3. Implement the Datasets class in gammapy.utils.fitting.datasets, add tests using multiple MapDataset. Change the Fit interface to take a Datasets object or list of MapDataset on input (#2030).

4. Enable joint-likelihood analyses by filtering the Datasets.parameters for unique parameters only. Add a tutorial for joint-likelihood fitting of multiple observations (#2045).

5. Implement MapDataset.setup() method, using a list of MapEvaluator objects. Add an .evaluation_radius() attribute to all the spatial models. Only support a fixed PSF and edisp per model component (#2071).

6. Add support for psf maps to MapDataset.setup(). Extend the .setup() method to look up the correct PSF for the given model component. A PSFMap has to be passed on MapDataset.__init__() (v0.14).

7. Add support for energy dispersion maps to MapDataset. Extend the .setup() method to look up the correct EDisp for a given model component. An EdispMap has to be passed on MapDataset.__init__() (v0.14).

8. Add tutorial for joint-likelihood fitting of IACT and Fermi-LAT data, based on the joint-crab dataset (v0.14).

  1. Add a name attribute to datasets and a Datasets.__getitem__ method (v0.14).

  2. Implement dataset serialization to yaml (v0.14).

  3. Implement datasets serialization to a single FITS file (#2264).

12. Add the direct likelihood evaluation to the FluxPointsDataset, by interpolating flux point likelihood profiles (v0.14).

  1. Implement MapDataset.fake(), SpectrumDataset.fake() and SpectrumDatasetOnOff.fake() methods (v0.14).

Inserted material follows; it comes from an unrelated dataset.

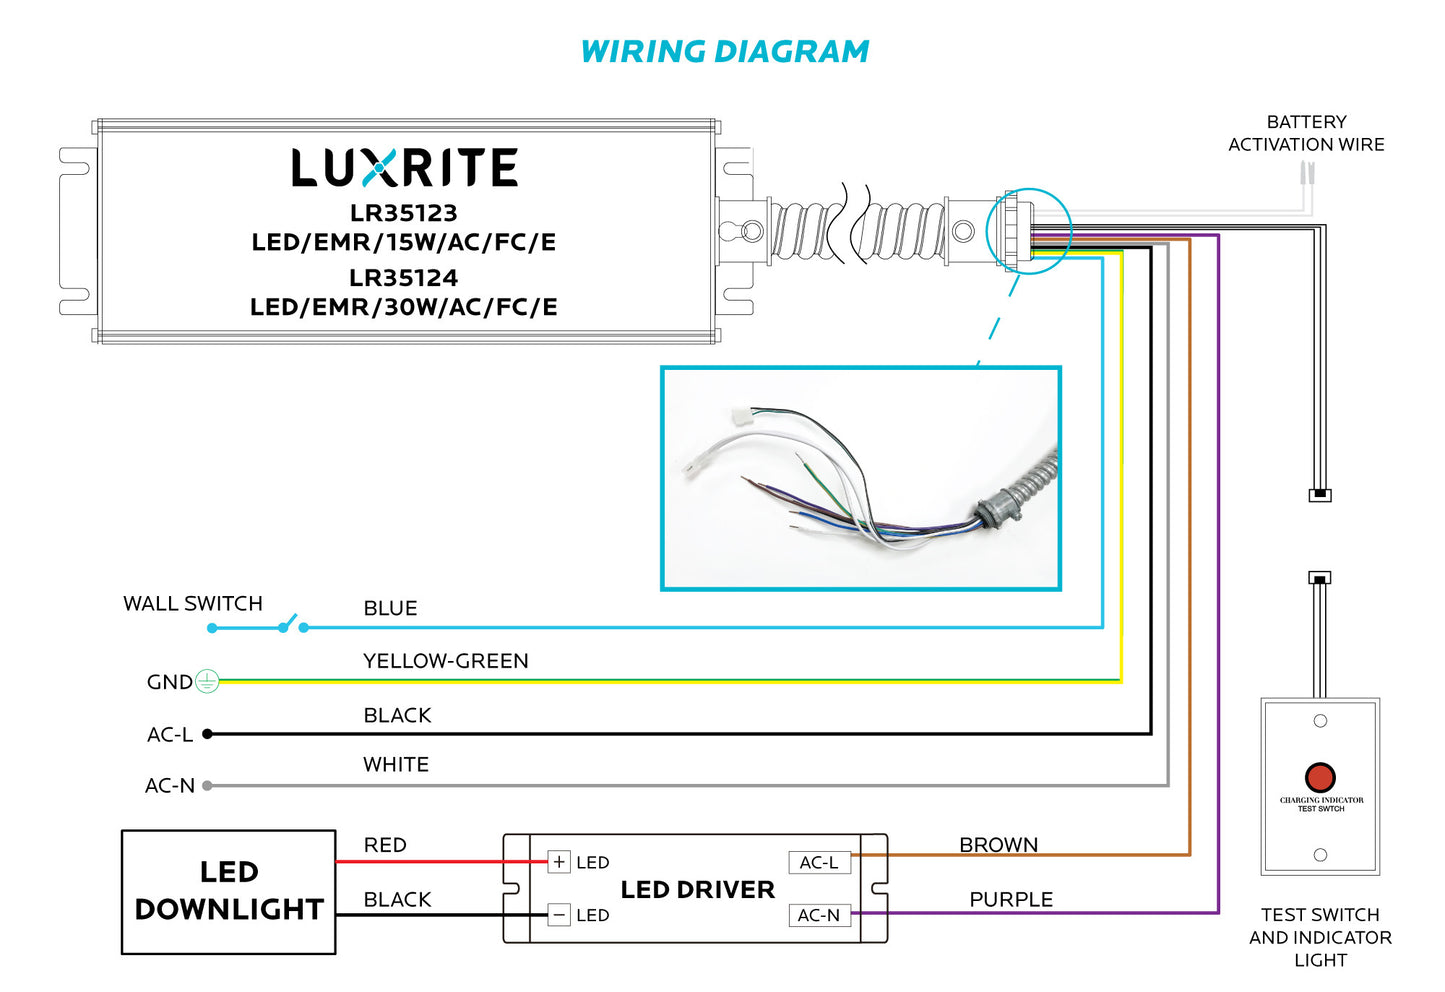 Luxrite Accessories LED/EMR/15W/AC/FC/E

14. Implement convenience helper methods .residuals(), .peek() and .__str__ for all datasets (v0.14).

Outlook

Parallel evaluation of datasets

For efficient joint-likelihood fits of multiple observations, parallel processing should be used. The obvious entry point is to evaluate one dataset per process and join the likelihoods at the end. The current handling of model references (the same model instance is passed to different datasets to achieve a generic parameter linking by updating the model parameters in place), sets a limitation on the parallel evaluation, because Python objects can’t easily be shared between multiple processes. We are aware of this issue, but propose to solve it later, because it does not affect the proposed API for datasets.

Lazy loading of Datasets

For the use-case of inspecting or stacking individual datasets (e.g. MapDataset per observation) it could be advantegeous to implement a lazy-loading or generator interface for Datasets.read(). Such that the individual datasets are only read from disk on requests and are not loaded in memory when calling .read(). We leave this question un-addressed in this PR but mention it for completeness.

Decision

The authors decided to withdraw the PIG. Most of the proposed changes are implemented.